- Developers: Fallen Leaf; Black Drakkar Games;
- Publisher: Dear Villagers
- Director: James Tinsdale
- Producer: Max Barton
- Designer: Piotr Kurkowski
- Programmer: Simon Bratel
- Artist: Mark Cushley
- Writer: James Tinsdale
- Composer: Ted White
- Engine: Unreal Engine 5
- Platforms: PlayStation 5; Windows; macOS; Xbox Series X/S;
- Release: PlayStation 5, Windows; August 22, 2023; macOS; October 26, 2023; Xbox Series X/S; December 19, 2025;
- Genres: Horror, adventure
- Mode: Single-player

= Fort Solis =

2023 video game

Fort Solis is a 2023 horror adventure game developed by Fallen Leaf and Black Drakkar Games and published by Dear Villagers. Set in 2080, the story follows Jack Leary, an engineer who arrives at the titular Martian mining station after an emergency alert is activated. The game is played from a third-person perspective, with the player exploring the station and interacting with objects.
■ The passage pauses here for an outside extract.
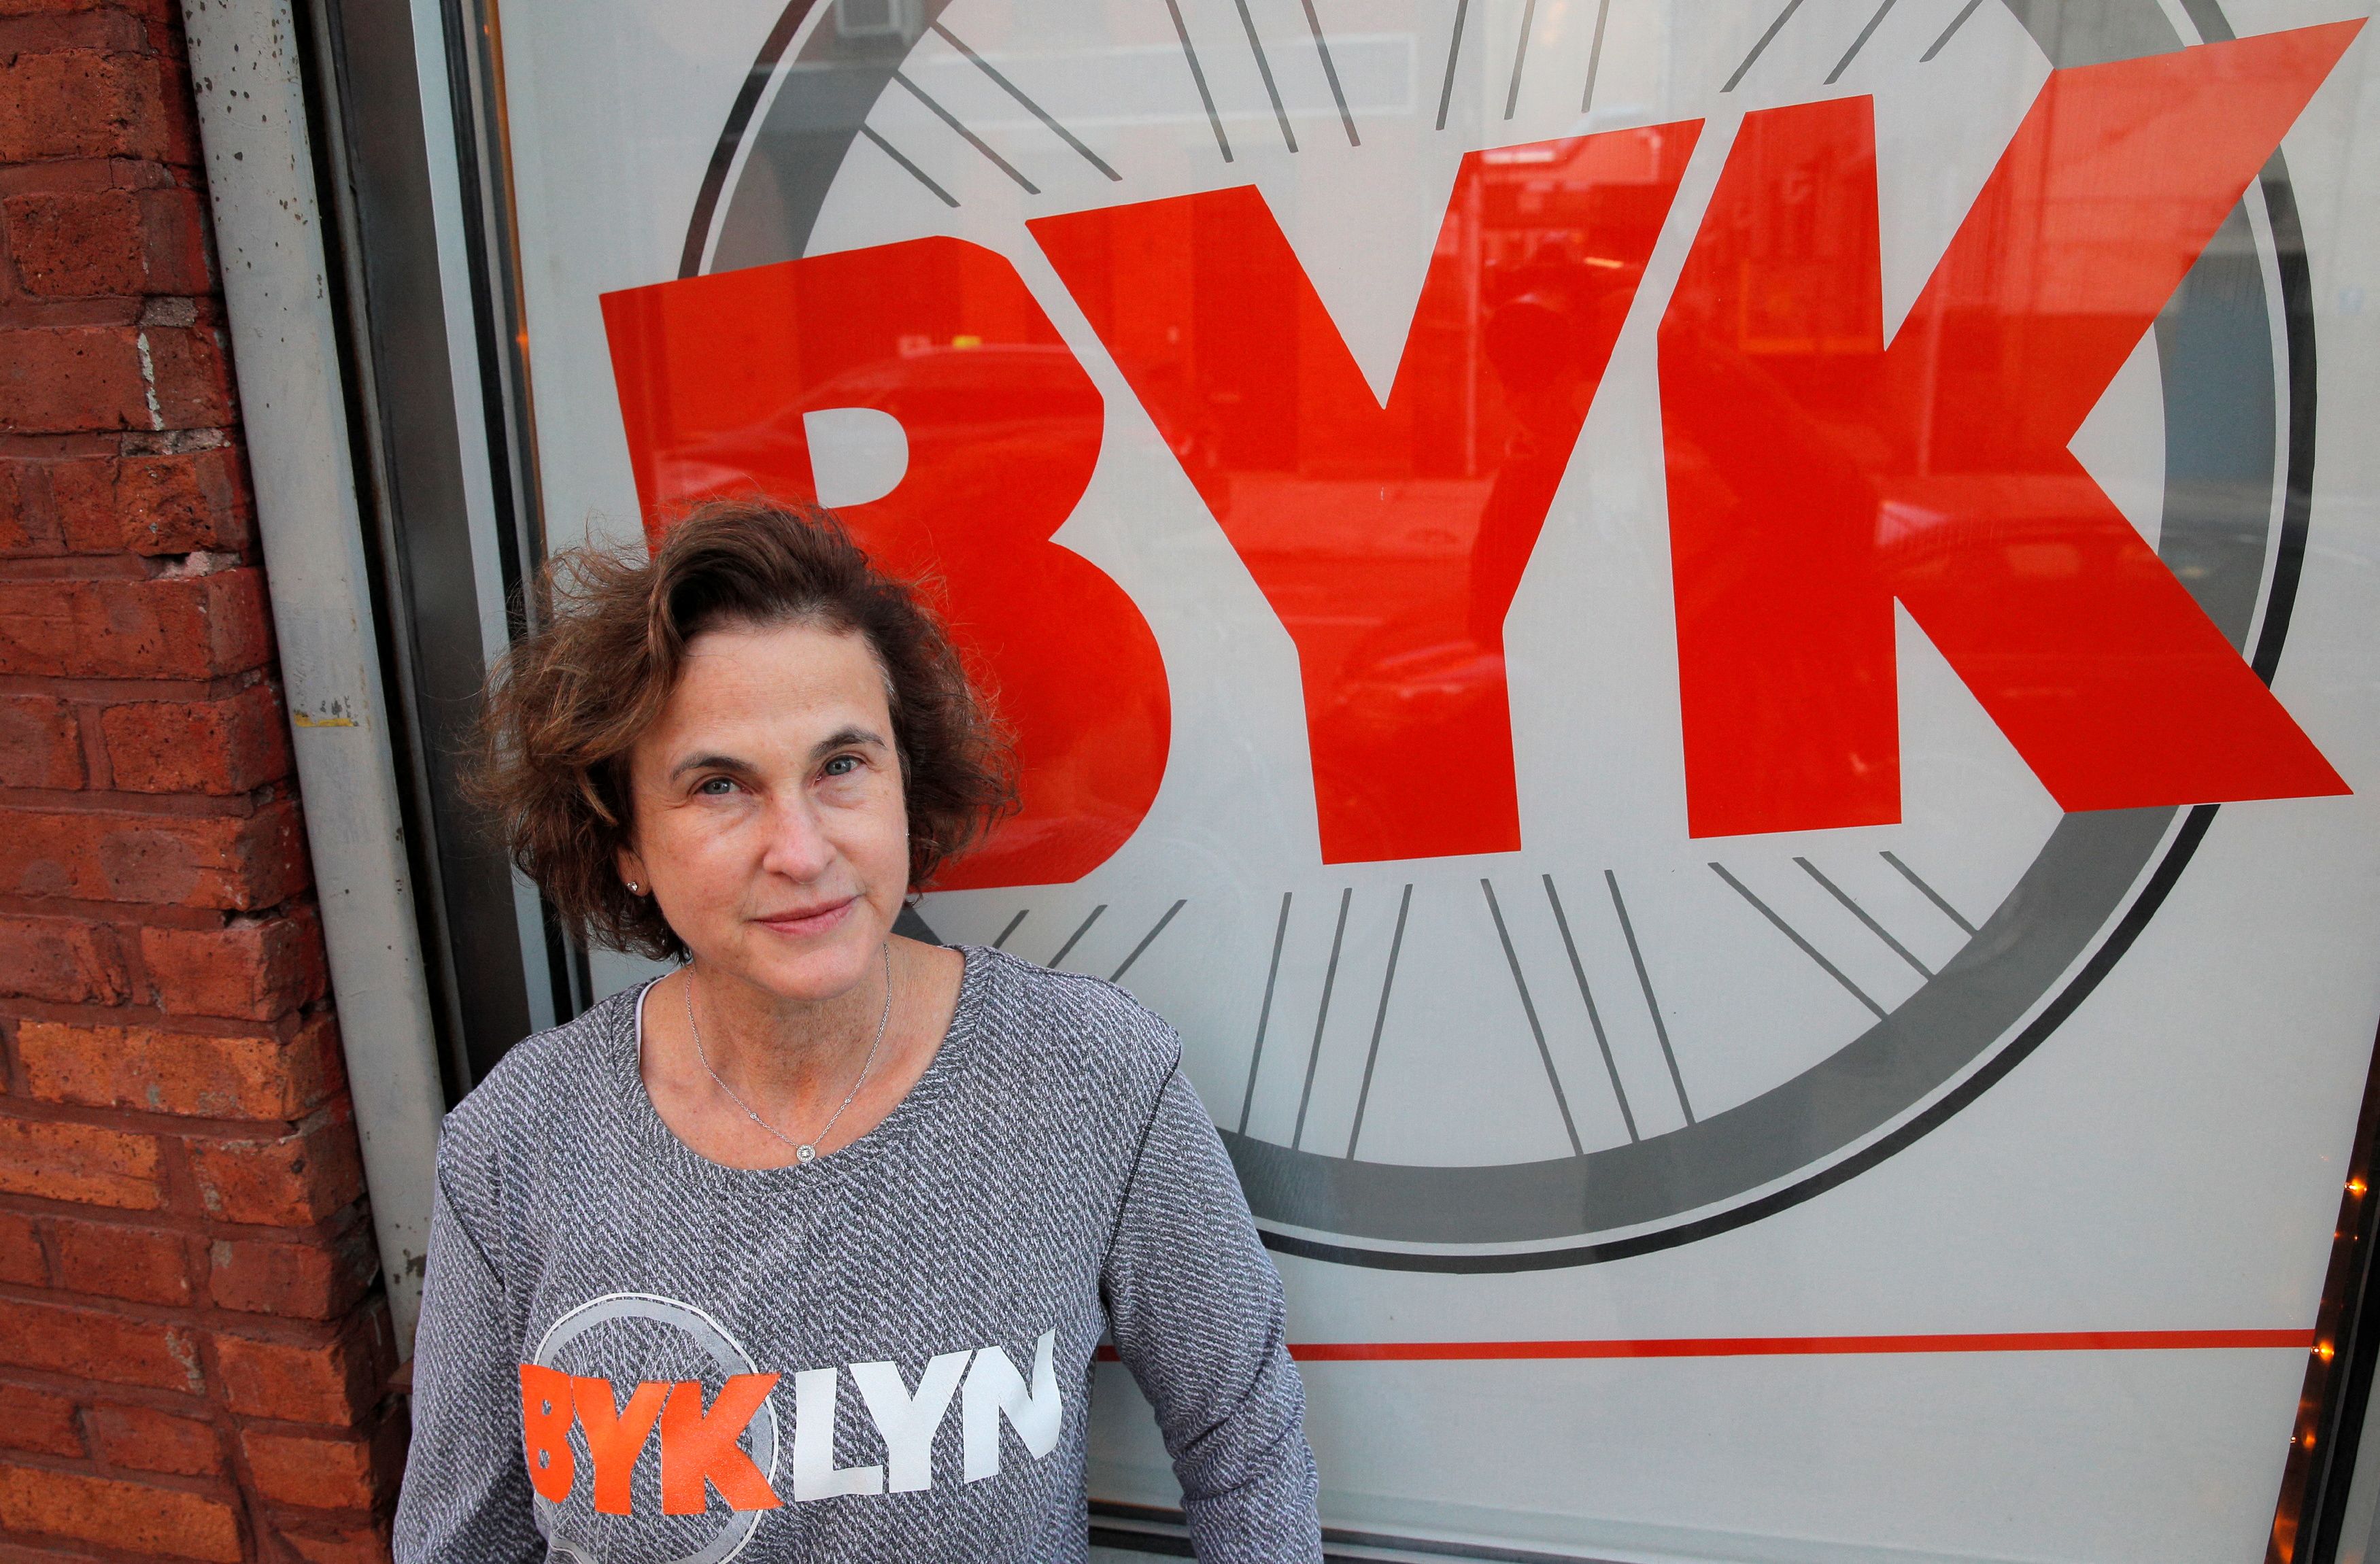 Amy Glosser poses outside her cycling studio, BYKlyn, in Brooklyn, New York, U.S., January 14, 2022. Picture taken January 14, 2022.REUTERS/Brendan McDermid

At certain segments, the player controls Jack's colleague, Jessica Appleton.

The game was conceived at the beginning of the COVID-19 pandemic, aiming to adapt the cinematic style of streaming television to the video game format. The developers intended for the narrative to reflect real-world issues, such as the pandemic, as an example of human vulnerability and hostile environments. Roger Clark, Julia Brown, and Troy Baker provided the motion capture and voices for Jack, Jessica, and Wyatt Taylor, respectively.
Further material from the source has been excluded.